> _DATASET EXCERPT_
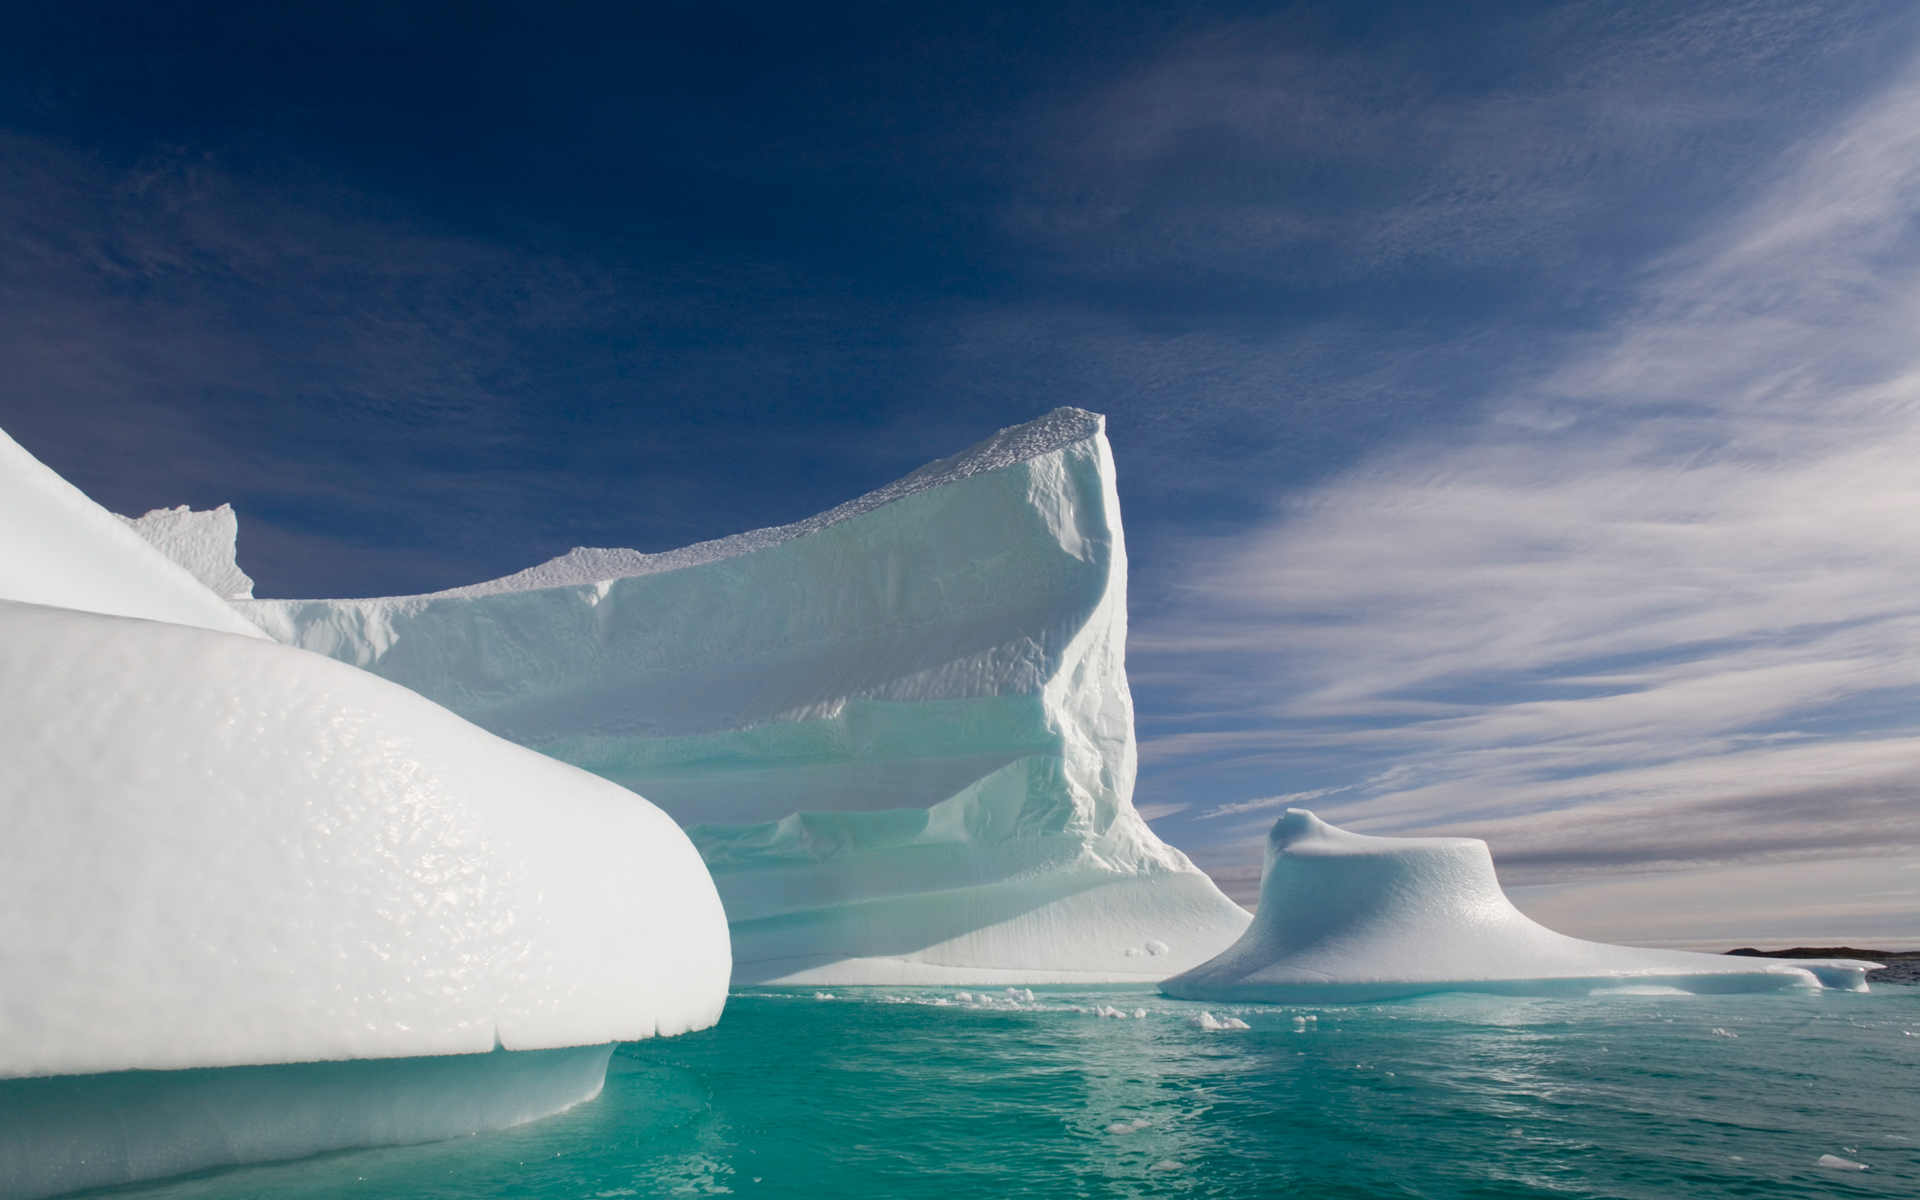 166671 descargar imagen tierra/naturaleza, iceberg: fondos de pantalla y protectores de pantalla gratis
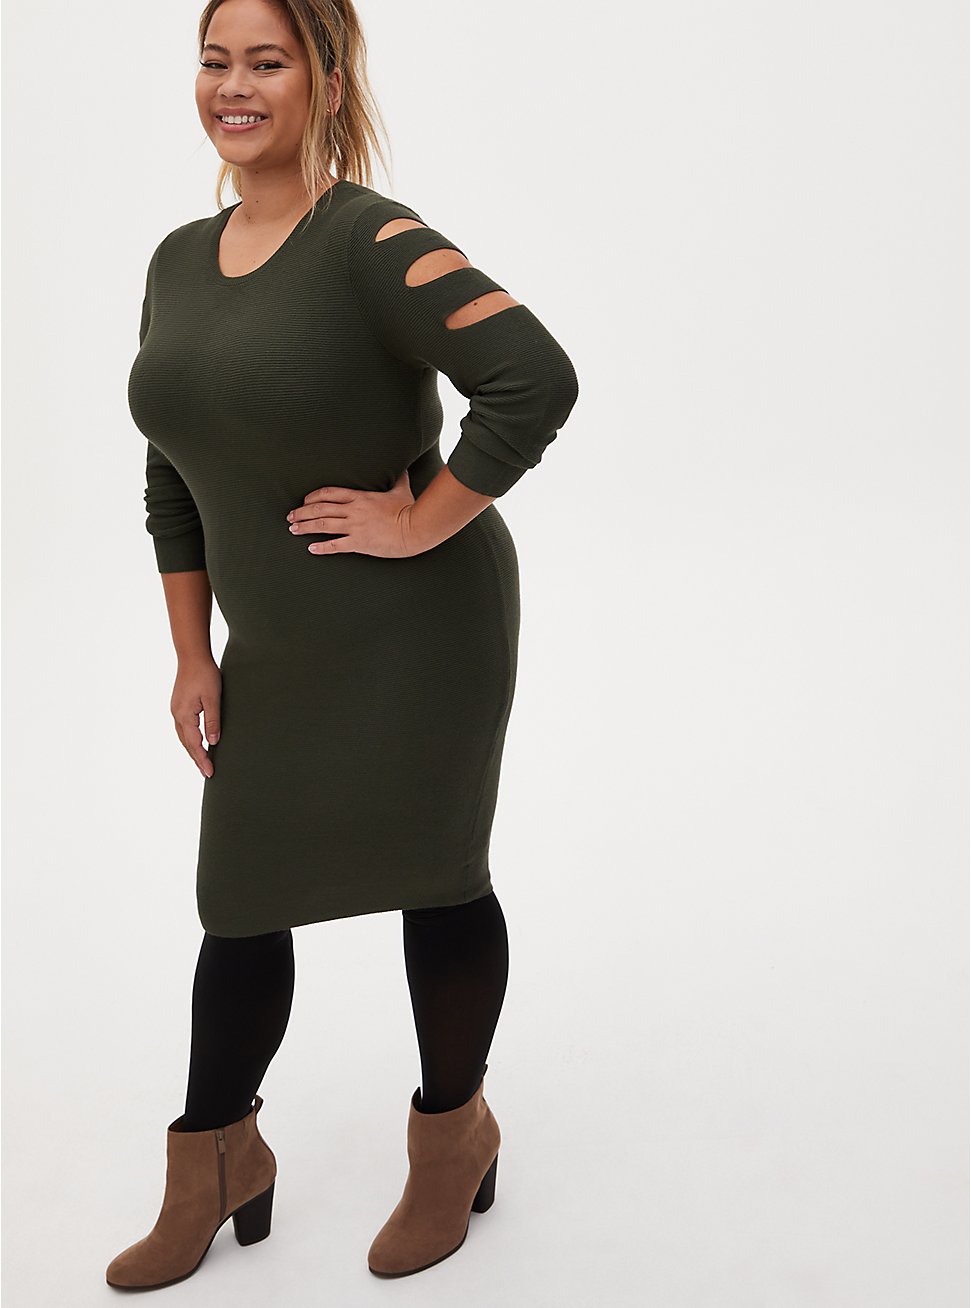 Olive Green Cutout Sweater Dress - Torrid
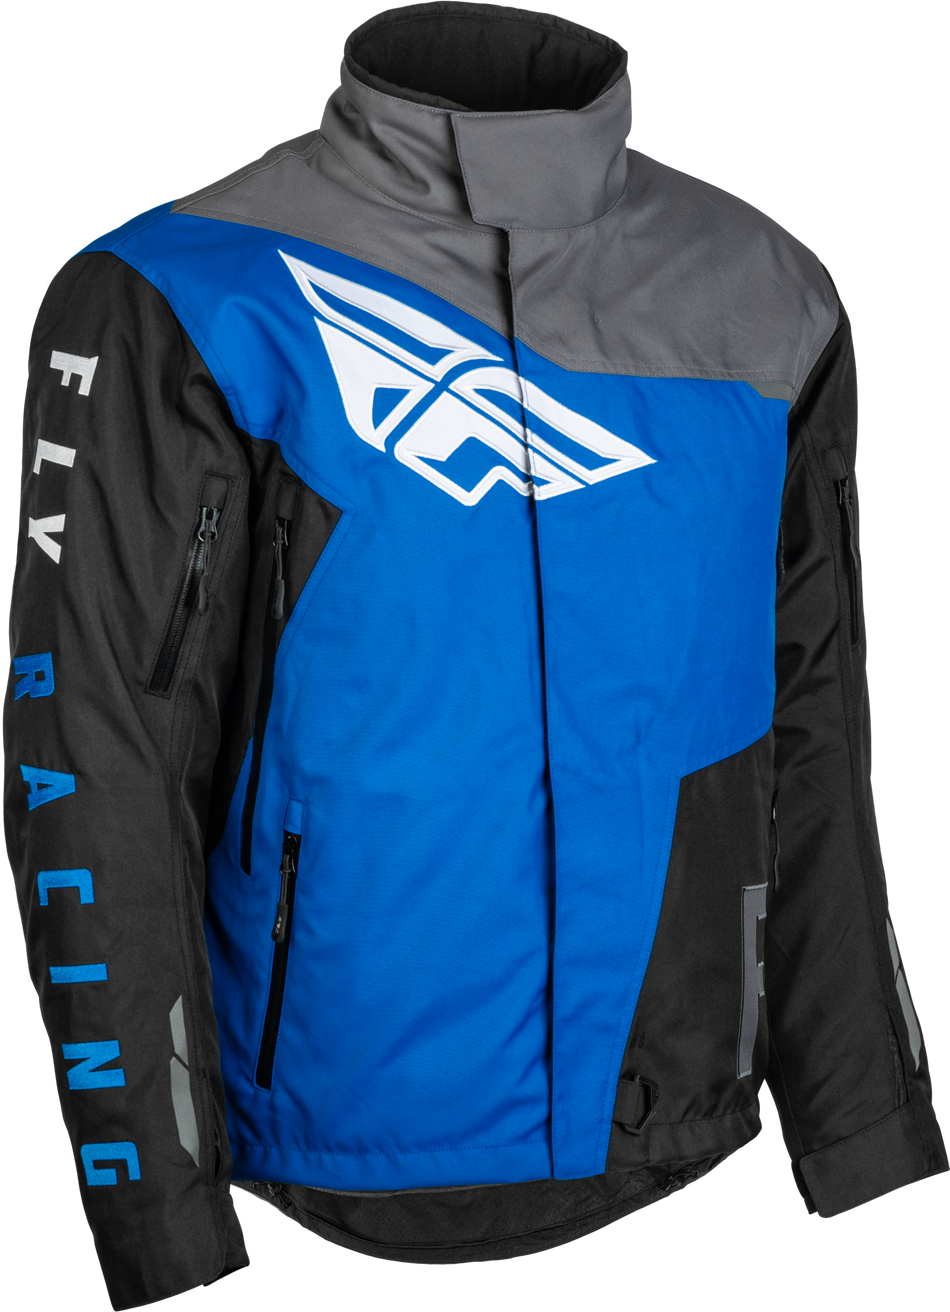 FLY RACING Snx Pro Jacket Black/Grey/Blue 4x 470-41164X

> _WHAT YOU HAVE TO DO_
Could you reproduce exactly the lines running from the one with "Olive Green Cutout Sweater Dress - Torrid" through the final line of the listing above, both included, and drop the pictures?

> _WRITTEN SOLUTION_
 Olive Green Cutout Sweater Dress - Torrid
 FLY RACING Snx Pro Jacket Black/Grey/Blue 4x 470-41164X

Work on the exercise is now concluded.